* * *

— Хелло, Долли, — с усилием выговорил Долли, поднял пистолет и навел его на Полковника, который, отложив в сторону автомат, присел над лежавшей на грязном полу Дашей Казаковой.

Долли сидел в углу, широко разбросав длинные ноги в модных туфлях с квадратными носами и прижимая левую руку к животу. Лицо у него было иссиня-бледное, сквозь прижатые к животу пальцы медленным густым потоком струилась кровь. На коленях у него лежал автомат без магазина, с коротких волос тоже капала кровь, пропитывая грязную белую рубашку. Рука с пистолетом не слушалась Долли, в ней уже не осталось сил на то, чтобы удерживать на весу тяжелую железяку. Пистолетный ствол ходил ходуном; потом рука бессильно упала, но Долли снова поднял ее, прицелился Полковнику в голову и с третьей попытки сумел взвести курок большим пальцем.

Полковник повернул голову, увидел пистолет, и его потянувшаяся за автоматом рука застыла на полпути: он понял, что не успеет. Долли смотрел на него поверх пистолетного ствола; губы его шевелились, как будто он хотел сказать что-то еще, и тогда Юрий перешагнул через скрюченный, свернутый агонией труп Грицко, наклонился и легко вывернул пистолет из скользких от крови пальцев Долли.

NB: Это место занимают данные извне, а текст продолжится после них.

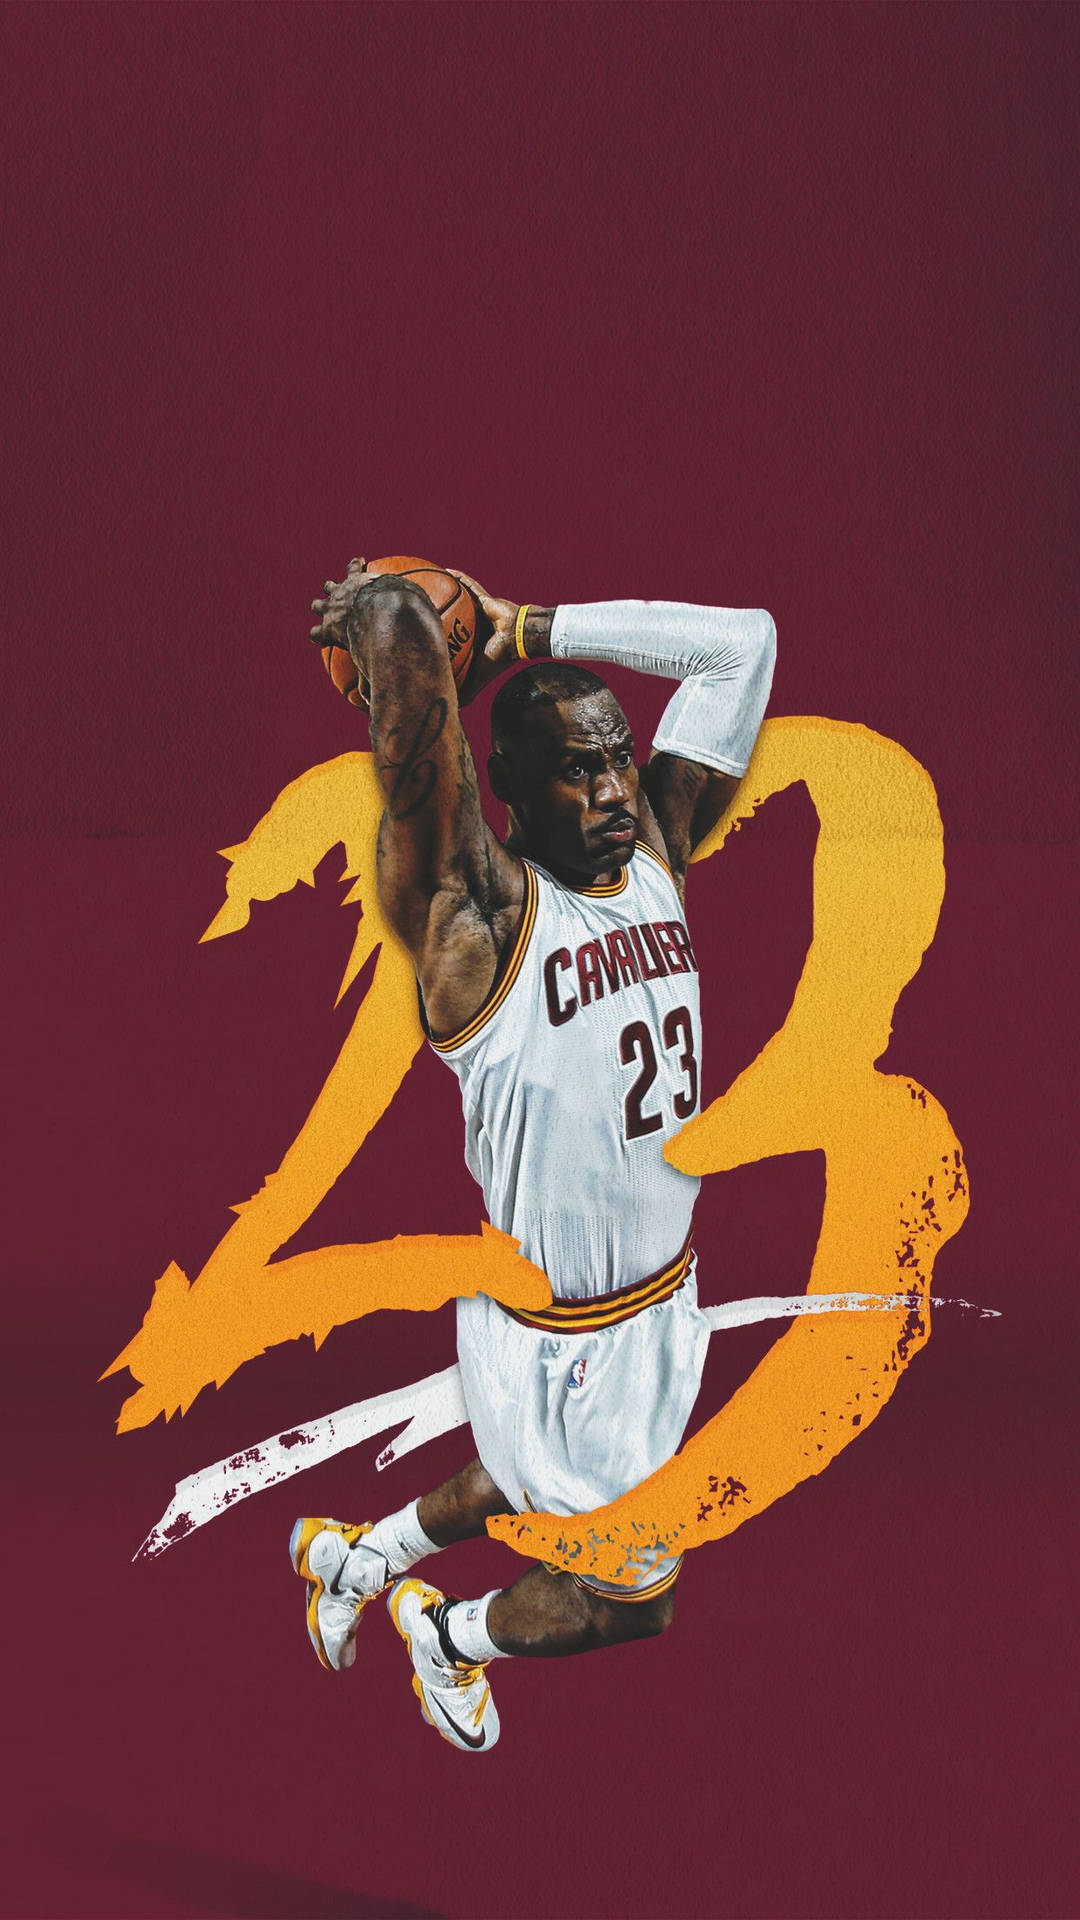 Cool Nba Cavaliers 23 Background

— Благодарю вас, — сказал Полковник и снова склонился над Дашей.

— Не за что, — сказал Юрий и отбросил пистолет.

Пистолет с глухим стуком упал на засыпанный глиняной крошкой, пылью, обломками кирпича, осколками стекла и стреляными гильзами пол рядом с кроватью. Голый грязный матрац на кровати был вспорот пулями, из него клочьями торчала серая вата. Кое-где вата была бурой от давно засохшей крови: матрац явно повидал разные виды, прежде чем автоматная очередь окончательно превратила его в утиль. Матрац был густо припорошен пылью, на нем валялись два битых, с одной стороны густо покрытых сажей кирпича.

— Хелло, Долли, — прошептал Долли и устало закрыл глаза.

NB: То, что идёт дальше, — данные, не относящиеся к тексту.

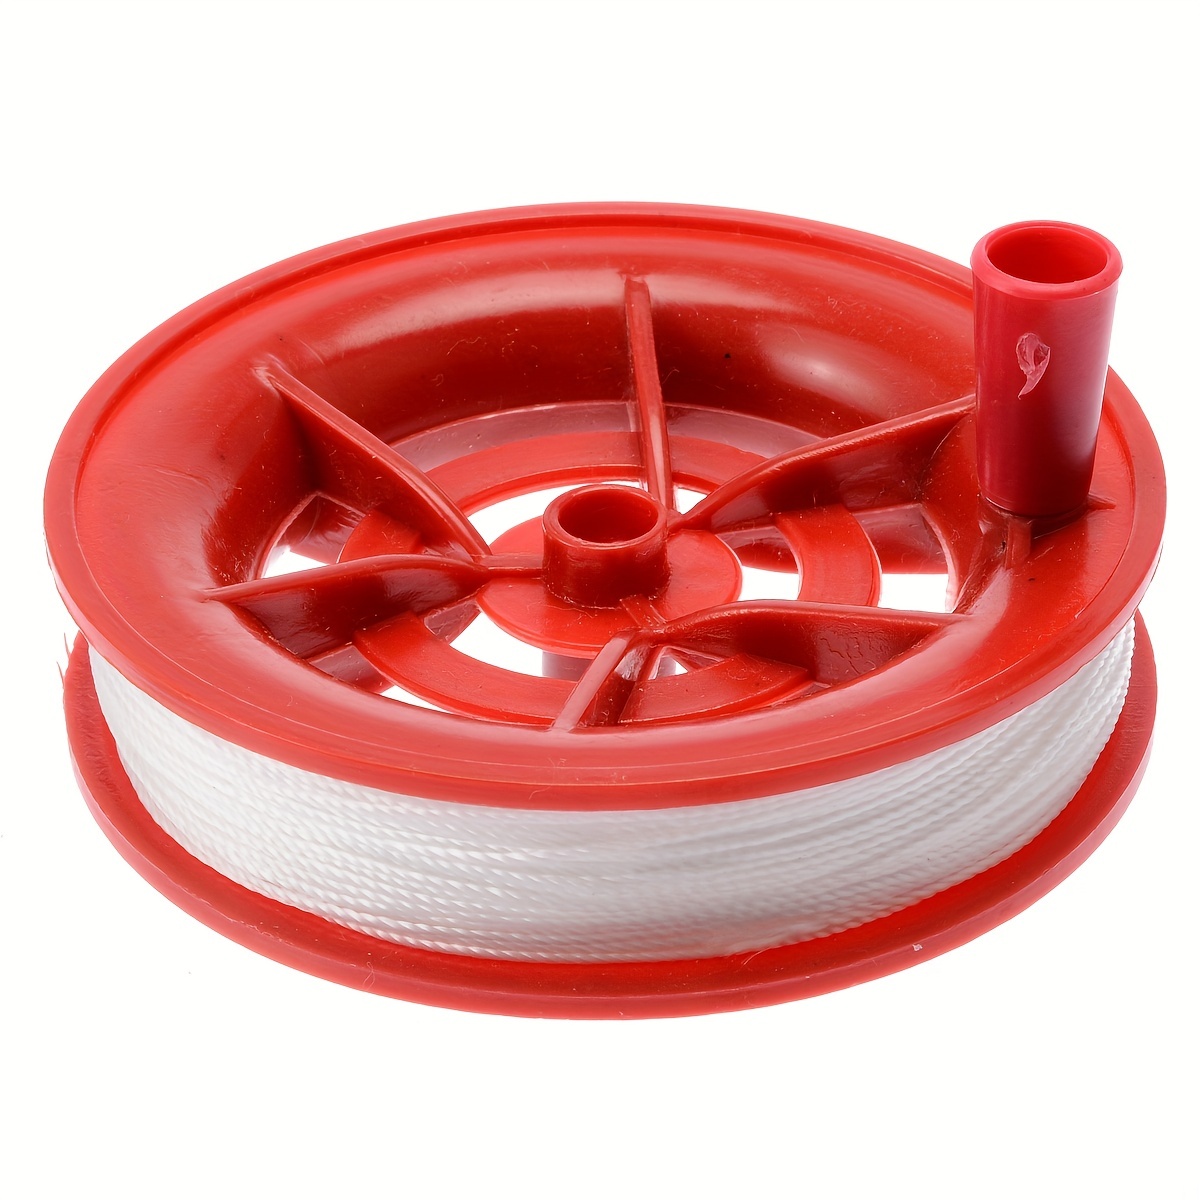 3937.01inch Flying Kite White Line String With Plastic Reel Handle Winder  Grip Wheel, 4pcs

Юрий отвернулся от него, положил автомат на край замусоренного стола и закурил. Над его головой на пыльном шнуре все еще раскачивался электрический патрон с торчавшими из него, как зубы, осколками разбитой лампочки. Плавающий в воздухе кислый пороховой дым лениво вытягивался в развороченный оконный проем, ощетинившийся обломками высаженной рамы и усеянный кусками пыльного стекла. Из-под дымящейся груды кирпичей на месте снесенной взрывом печки торчали чьи-то серые от пыли ноги в кроссовках большого размера. От кирпичей противно несло сажей; в образовавшуюся на месте печной трубы дыру заглядывало небо. Изрешеченная пулями, утыканная острыми щепками дверь криво висела на одной петле, расщепленный порог был густо залит кровью. Из простреленного жестяного рукомойника лениво вытекали последние капли воды; под ногами у Юрия валялась варварски смятая, продырявленная насквозь эмалированная кастрюля. Судя по характеру повреждений, в кастрюлю угодил осколок гранаты. Юрий повернул голову и увидел на стене в изголовье кровати косо висевший на единственной ржавой кнопке газетный лист с портретом Даши Казаковой, привязанной к этой самой кровати. Портрет тоже был продырявлен, и на темной стене повыше газетной страницы Юрий разглядел оставленную пулей светлую отметину.

Все это, кроме, пожалуй, портрета, Юрий видел уже тысячу раз. Тогда он отвернулся и стал смотреть в окно, но и там зрелище было немногим лучше: за иссеченными пулями и осколками деревьями сада, на дороге, лениво догорал чей-то джип — судя по угловатым очертаниям, «Чероки». Рядом, накренившись на простреленных шинах и слепо тараща пустые глазницы выбитых фар, стоял еще один, возле которого, прислонившись к бамперу, сидел, разбросав ноги, покойник с превращенным в кровавое месиво лицом, с помповым ружьем на коленях. Бампер и решетка радиатора джипа были густо забрызганы красным; черный жирный дым от горевшей машины временами заволакивал эту картину.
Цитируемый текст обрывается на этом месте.